# "Unknowns" Winner



## Baron (Feb 12, 2012)

Congratulations to Ghost, who scored the most votes in the "Unknowns" challenge.  He gets the Laureate title for this month, as well as a one month FoWF subscription, and gets to suggest the theme for the next challenge.


----------



## candid petunia (Feb 12, 2012)

Congratulations, Ghost.


----------



## Chesters Daughter (Feb 12, 2012)

You were a shoo-in with your piece, Ghost, which was my immediate first choice upon voting. Congrats for a well deserved win, love!


----------



## Ghost (Feb 12, 2012)

Thank you so much, candid petunia, Chester's Daughter, and everyone! It's an honor!


----------



## Nick (Feb 12, 2012)

Congratulations Ghost! You wrote a well-deserving piece.


----------



## Ghost (Feb 12, 2012)

Nick said:


> Congratulations Ghost! You wrote a well-deserving piece.



Thanks, Nick!


----------



## apple (Feb 12, 2012)

Wow, I loved it, Ghost.  It was so full and visual and mysterious.  Congratulations, well deserved.


----------



## Ghost (Feb 13, 2012)

apple said:


> Wow, I loved it, Ghost. It was so full and visual and mysterious. Congratulations, well deserved.



Thank you, apple!


----------



## aj47 (Feb 13, 2012)

congrats on your well-deserved honor


----------



## Gumby (Feb 14, 2012)

Congratulations Ghost, well deserved win.


----------



## Ghost (Feb 14, 2012)

Thank you astroannie and Gumby!


----------



## Marty (Feb 15, 2012)

I want to read "ghost", but I am new to this thread. how do you find the poems and how do you submit your own?


----------



## Gumby (Feb 15, 2012)

Hi Marty.  Just click on the 'Poetry Challenges' forum, then go down to the thread that says this:

*January Challenge - "Unknowns"*  Or just click this link.

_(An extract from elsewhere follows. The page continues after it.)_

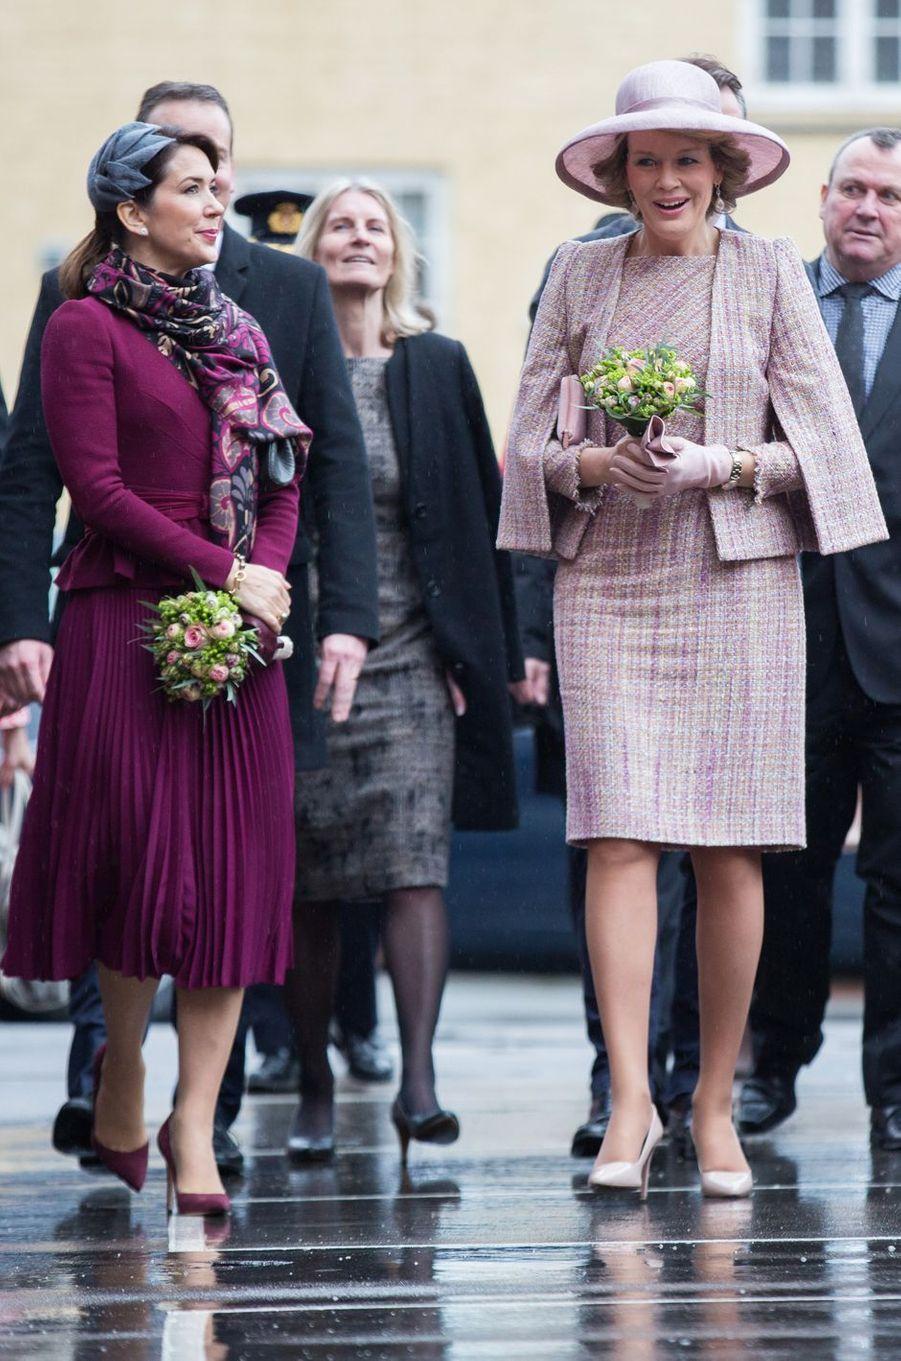 La princesse Mary de Danemark et la reine Mathilde de Belgique à Copenhague, le 29 mars 2017

I'm afraid that this challenge is over, but we will have another one as soon as the winner chooses a topic for the next one.


----------



## Ghost (Feb 16, 2012)

Actually, I have already chosen the next topic. Baron said it should be posted soon.:grin:


----------



## stellar (Feb 23, 2012)

Woah! Yup, Ghost, congratulations! Superb poetry!


----------



## Ghost (Feb 23, 2012)

*Thanks*



stellar said:


> Woah! Yup, Ghost, congratulations! Superb poetry!



Thank you, stellar.


----------



## bazz cargo (Feb 23, 2012)

Congratulations Ghost. A worthy winner.


----------